**Exercise**
Using the listing below, give again exactly the lines from the line with "Belkin F5U602EA Manuel" to the line with "Plus Size Stiletto", inclusive, without the pictures.

**Task inputs**
==============================
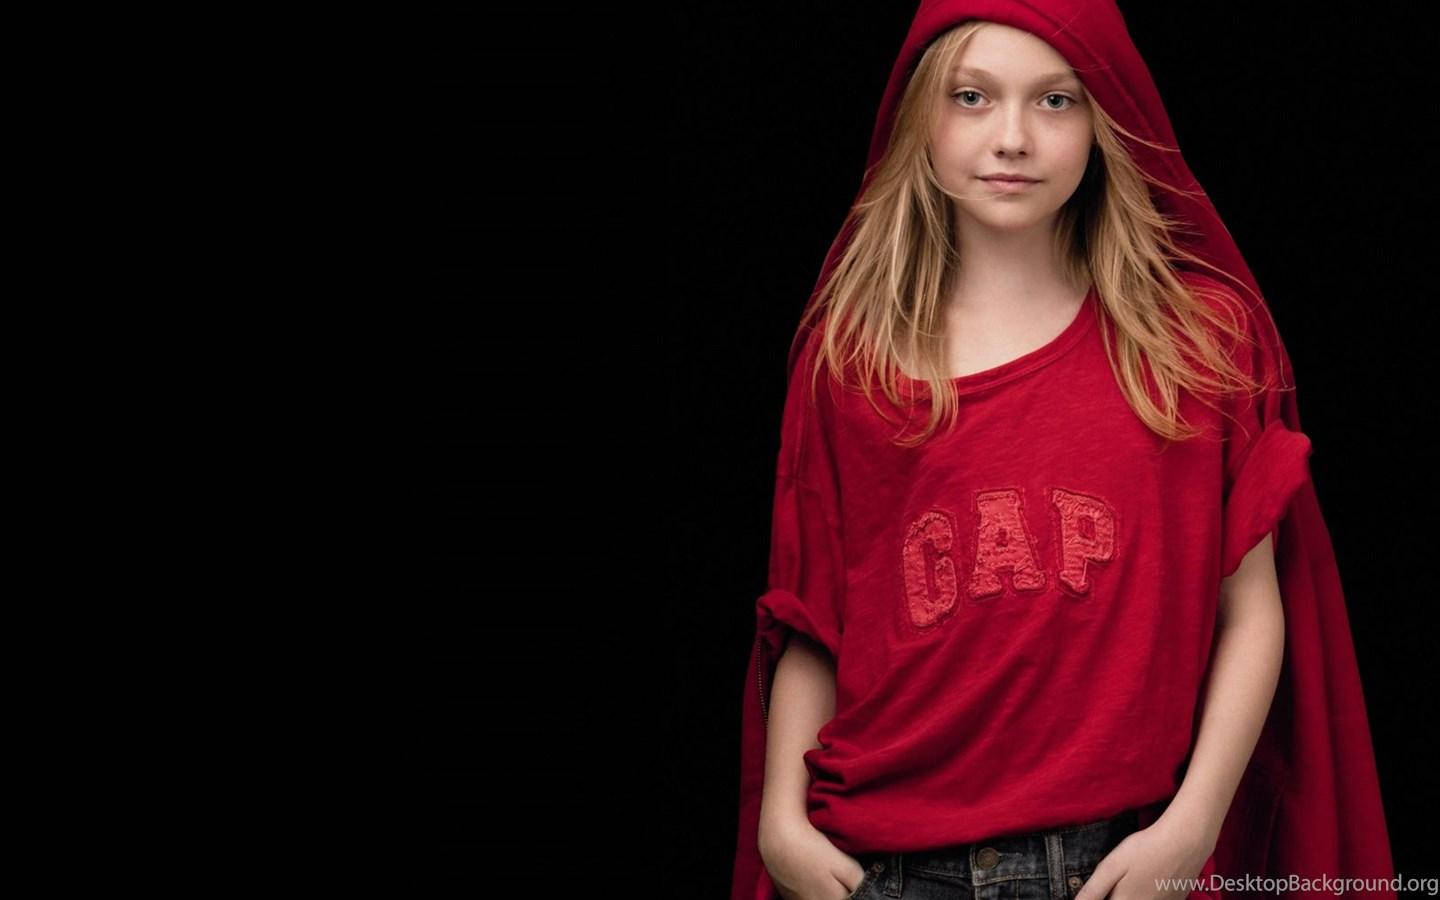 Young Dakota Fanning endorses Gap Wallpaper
==============================
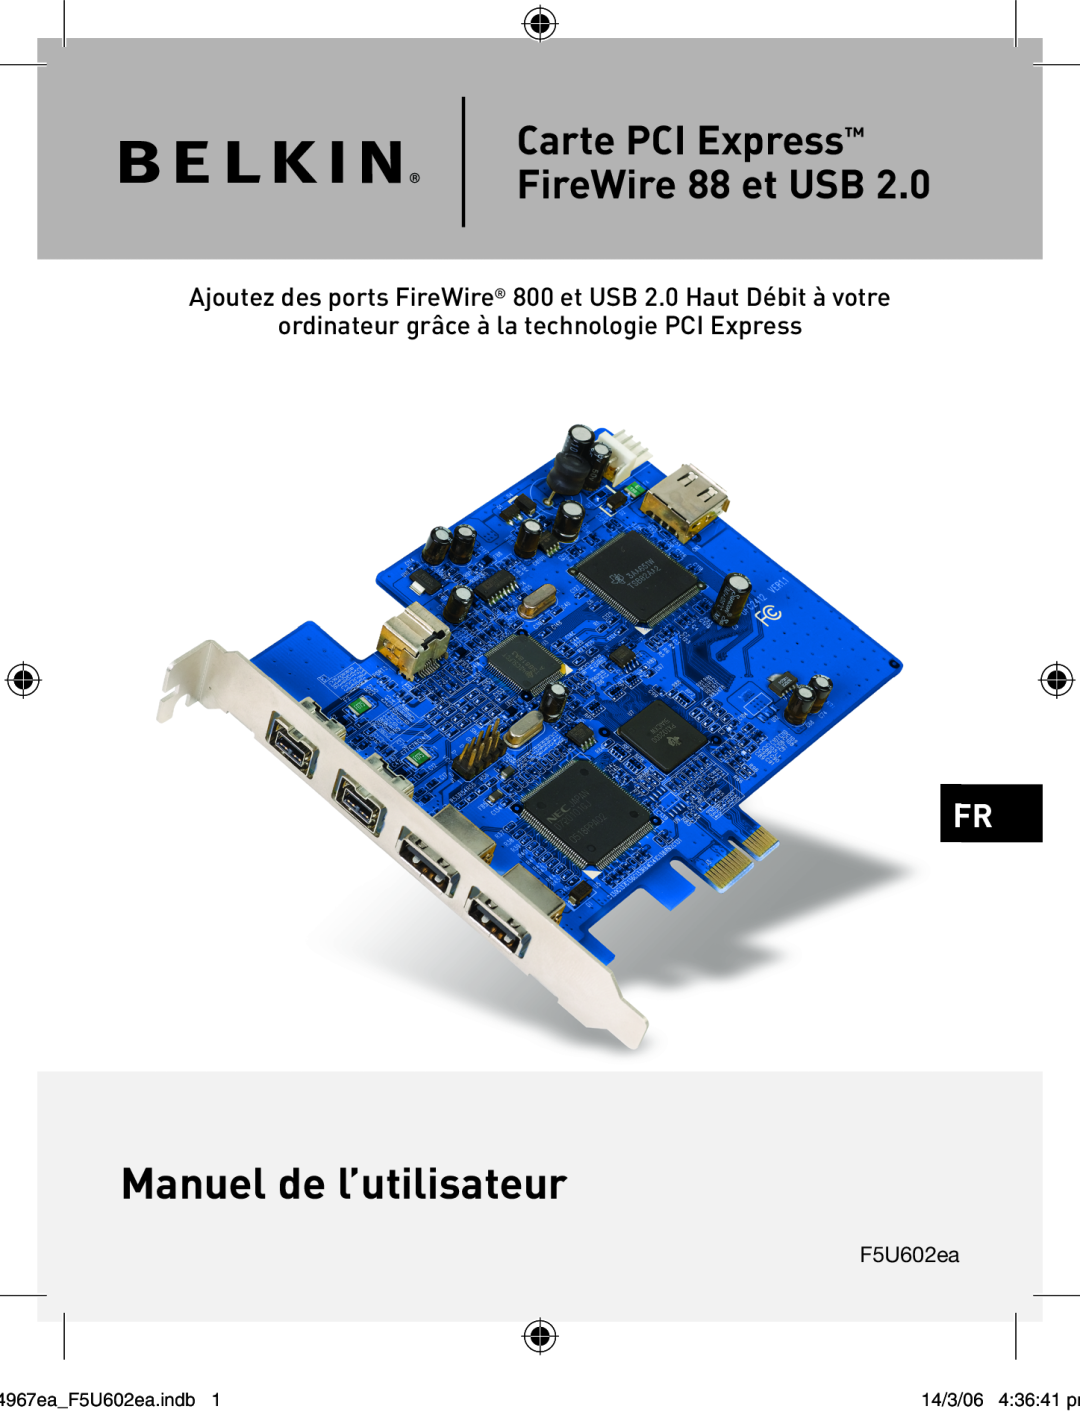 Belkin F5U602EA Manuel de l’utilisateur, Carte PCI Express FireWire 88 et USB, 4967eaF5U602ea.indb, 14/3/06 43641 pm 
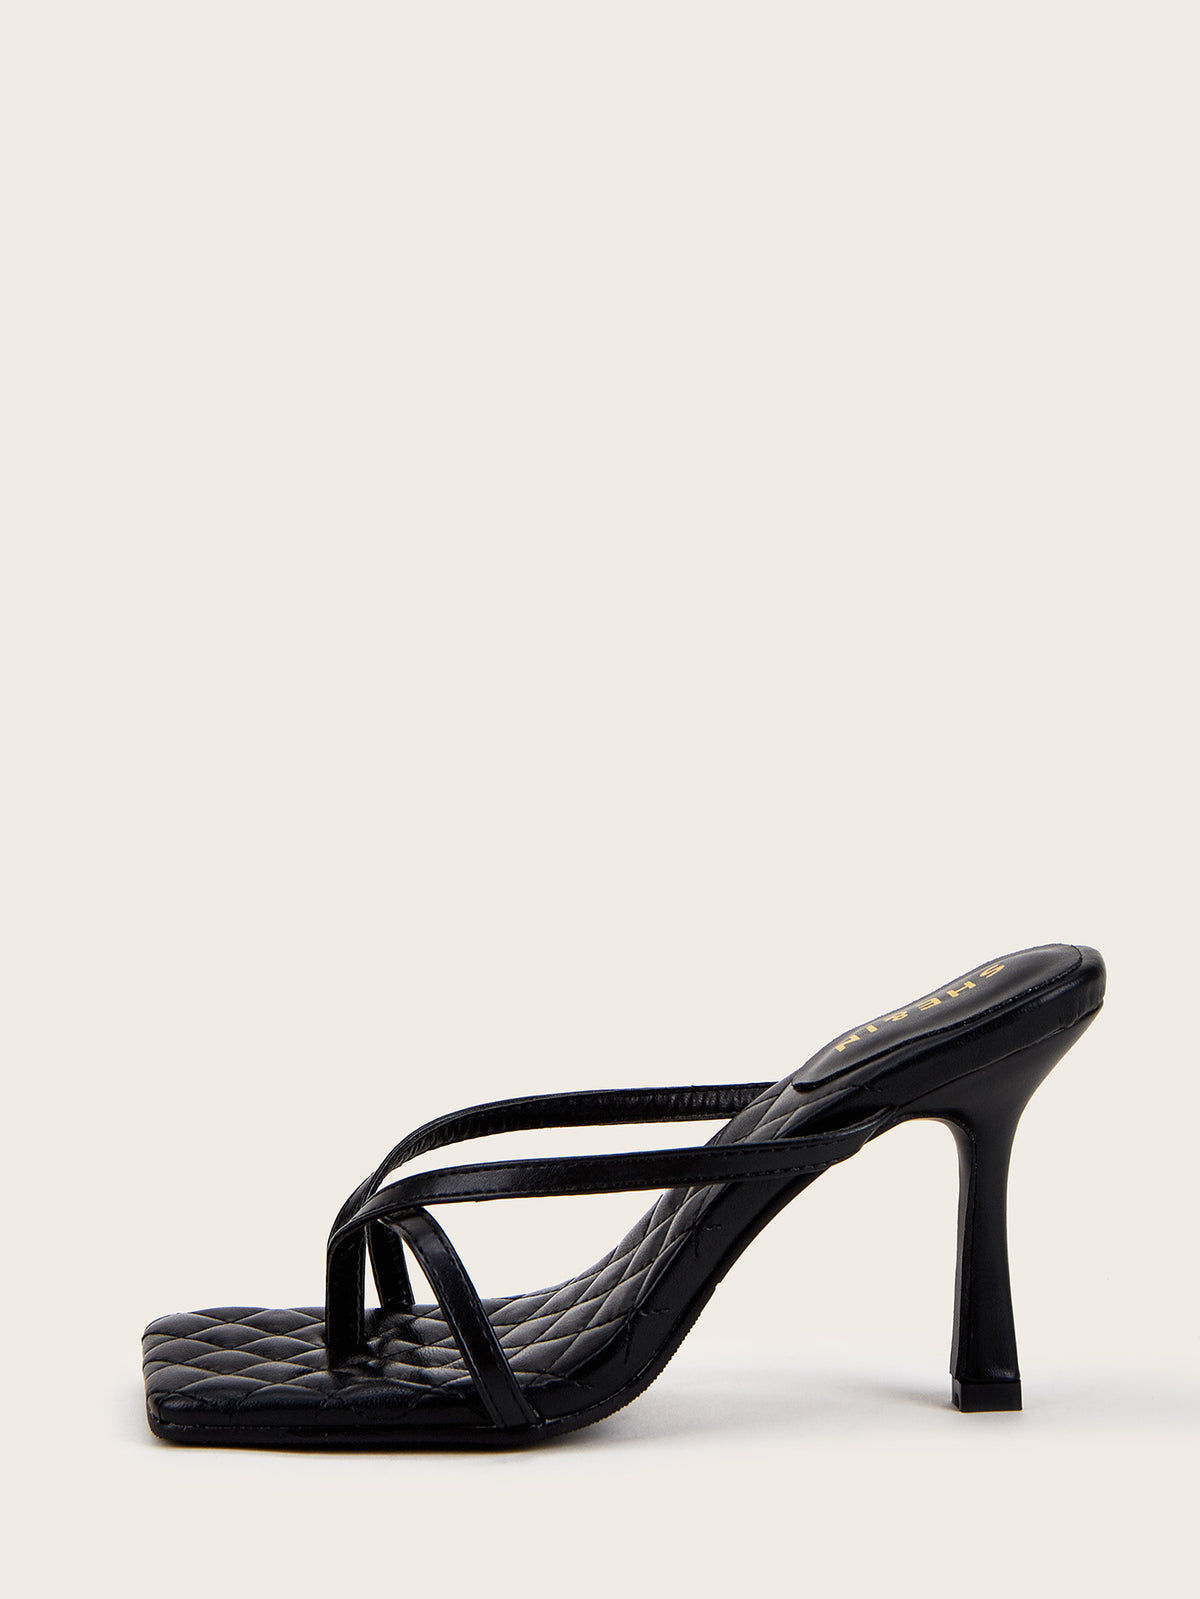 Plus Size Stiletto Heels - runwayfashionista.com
==============================
**Written response**
 Belkin F5U602EA Manuel de l’utilisateur, Carte PCI Express FireWire 88 et USB, 4967eaF5U602ea.indb, 14/3/06 43641 pm 
 Plus Size Stiletto Heels - runwayfashionista.com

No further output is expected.